INSTRUCTIONS FOR THE TASK →
Every line below from the one with "SignalFx Logotype Black Green 700x200px.png" through the one with "Mount Everest Wallpaper #2490" is to be repeated exactly, with no picture among them.

DATA SUPPLIED →
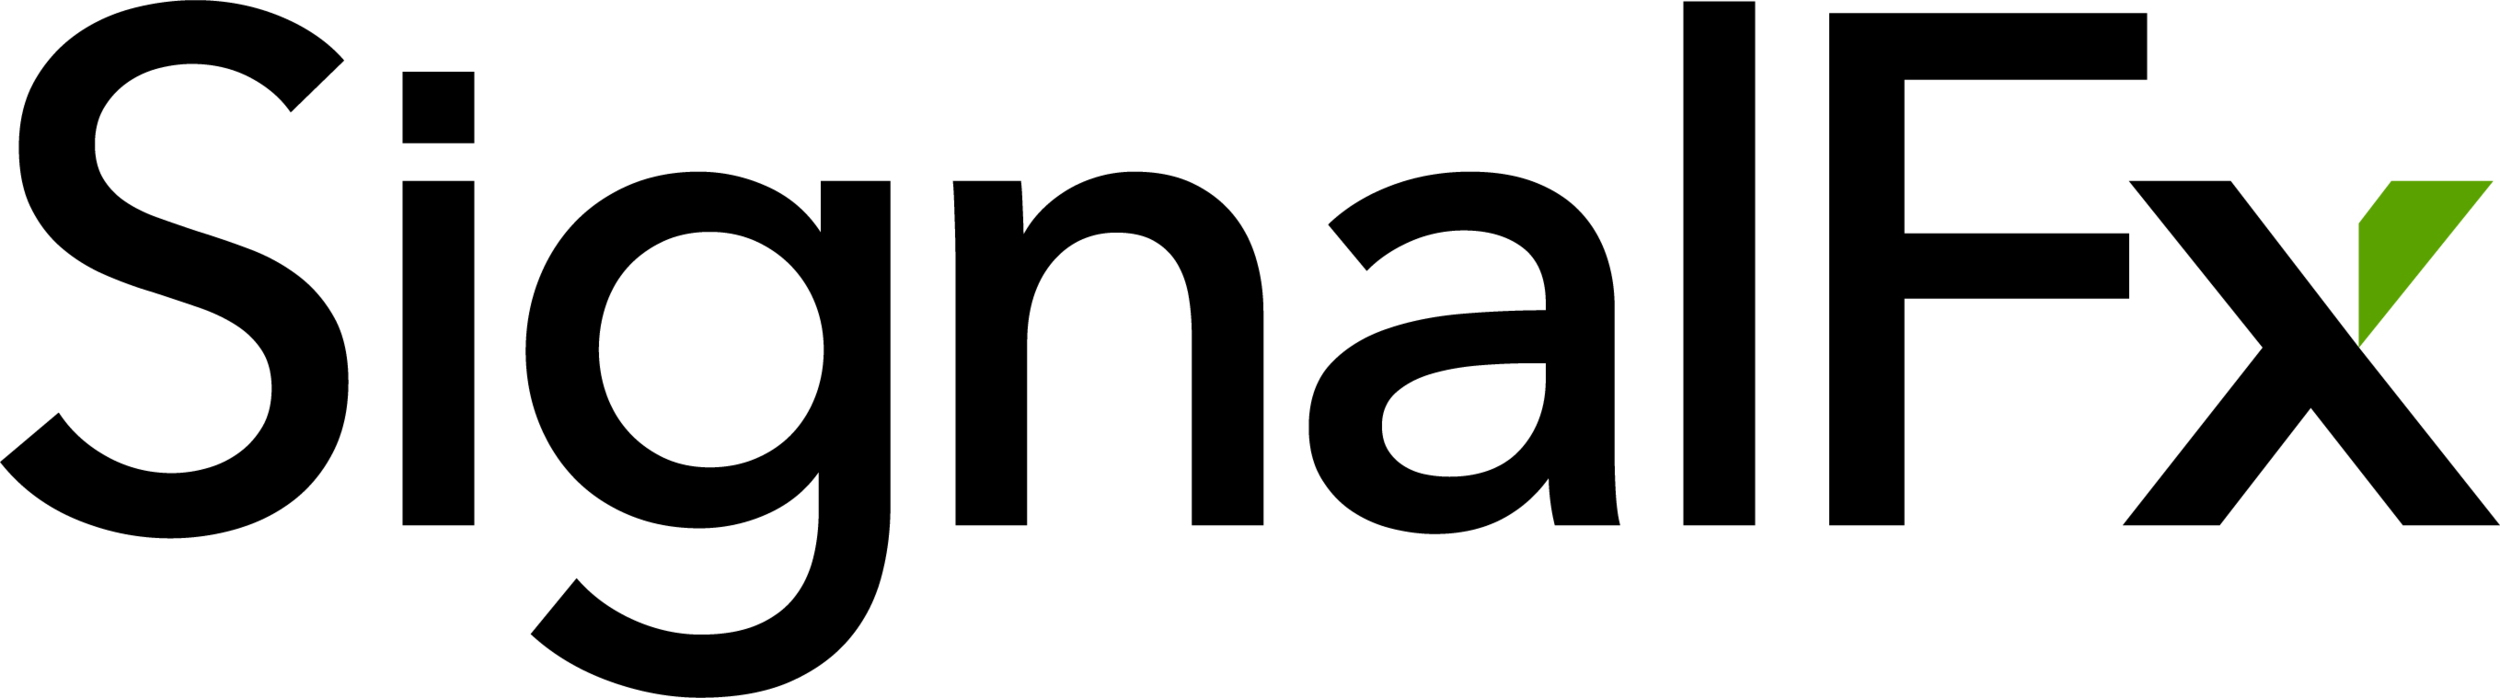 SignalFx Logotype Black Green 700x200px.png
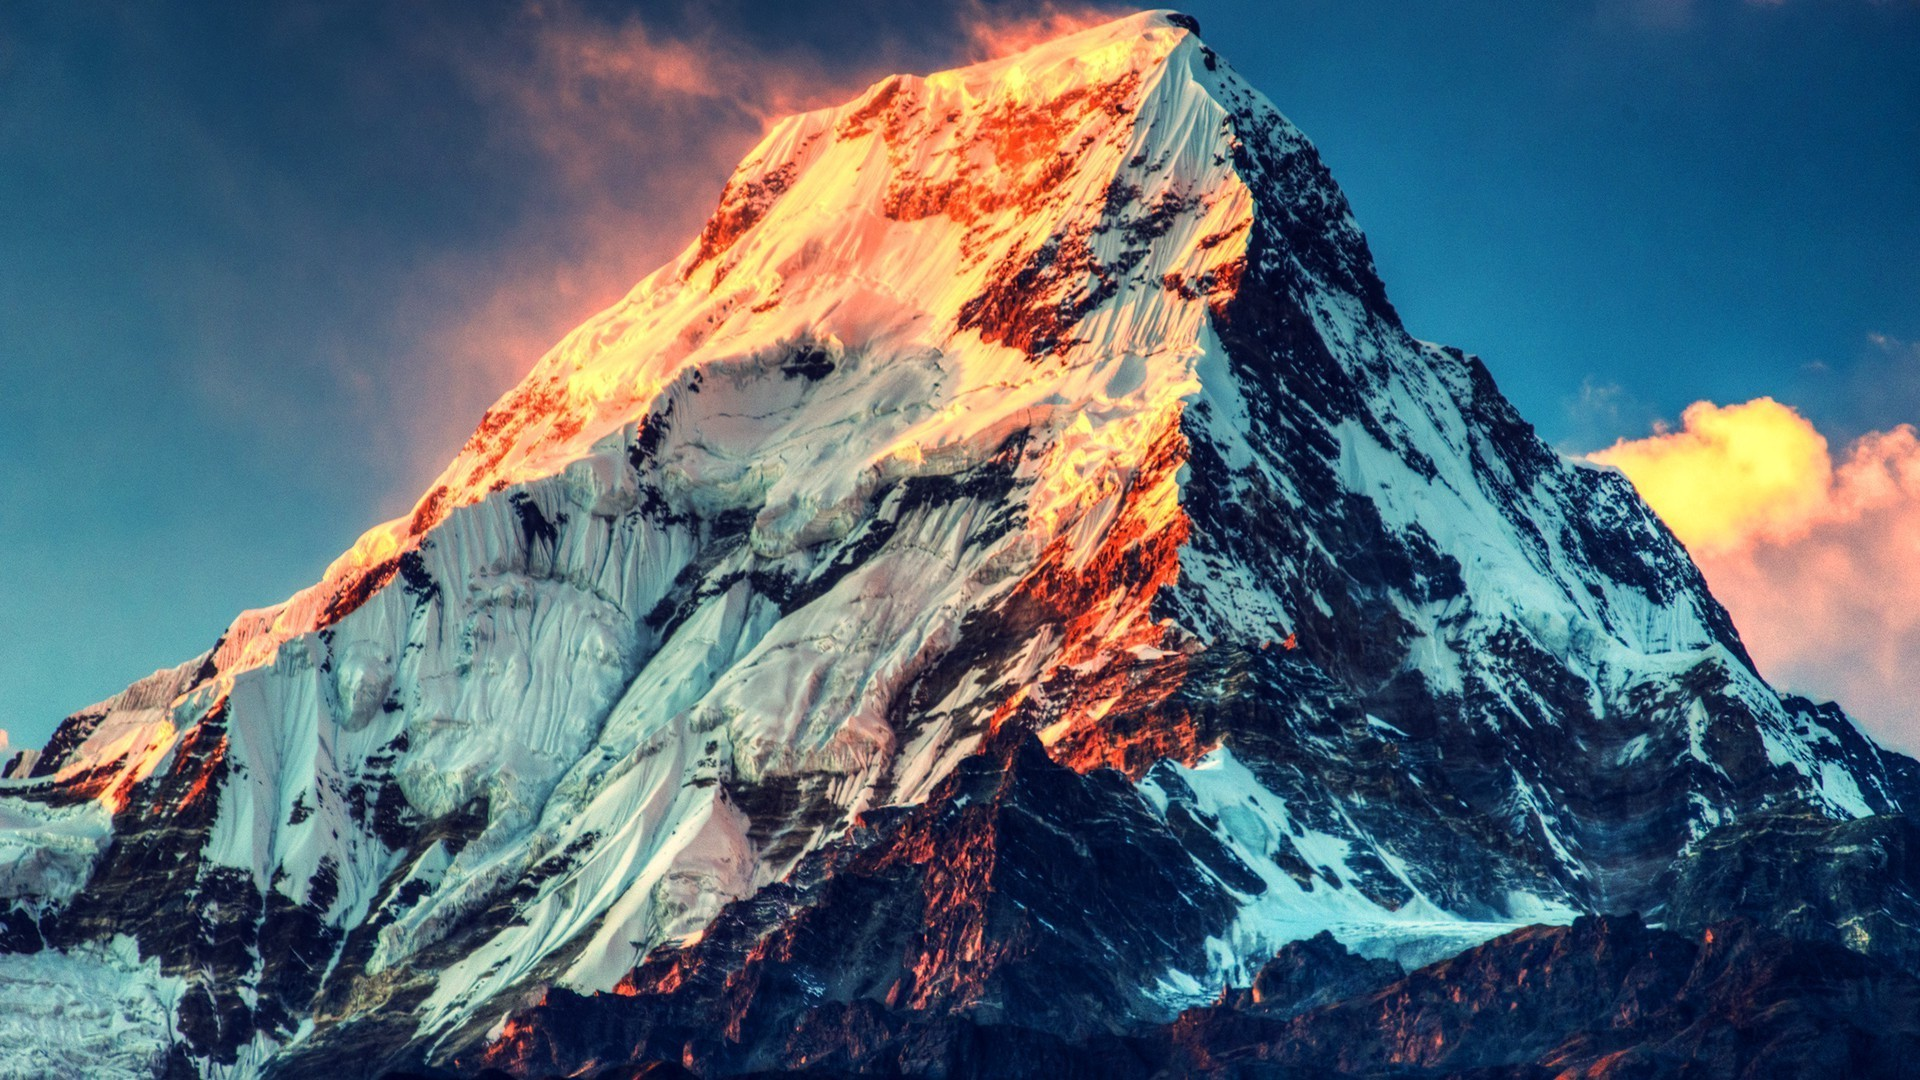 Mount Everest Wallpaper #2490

==

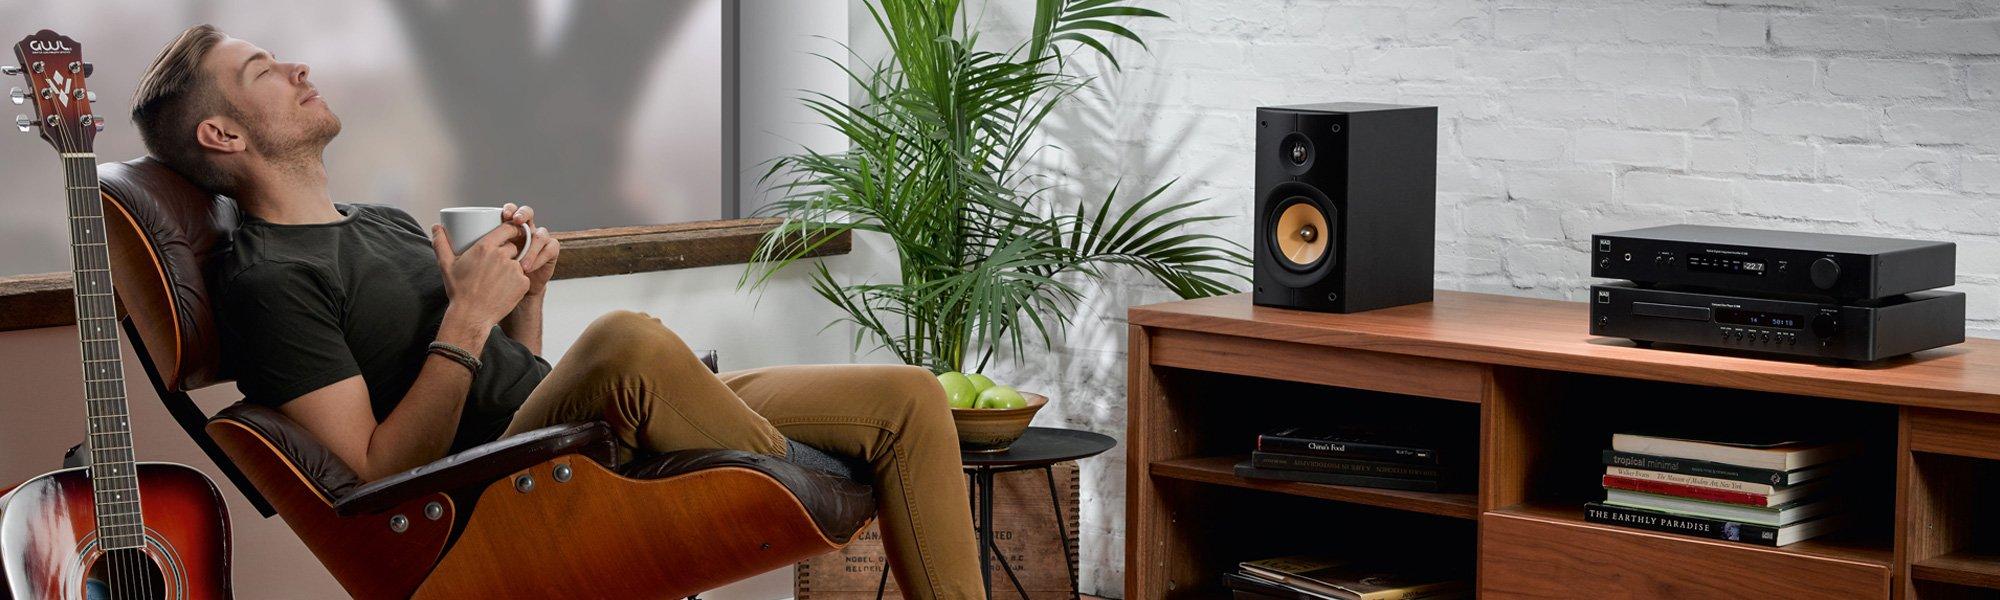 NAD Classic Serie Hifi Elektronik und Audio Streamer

OUTPUT →
 SignalFx Logotype Black Green 700x200px.png
 Mount Everest Wallpaper #2490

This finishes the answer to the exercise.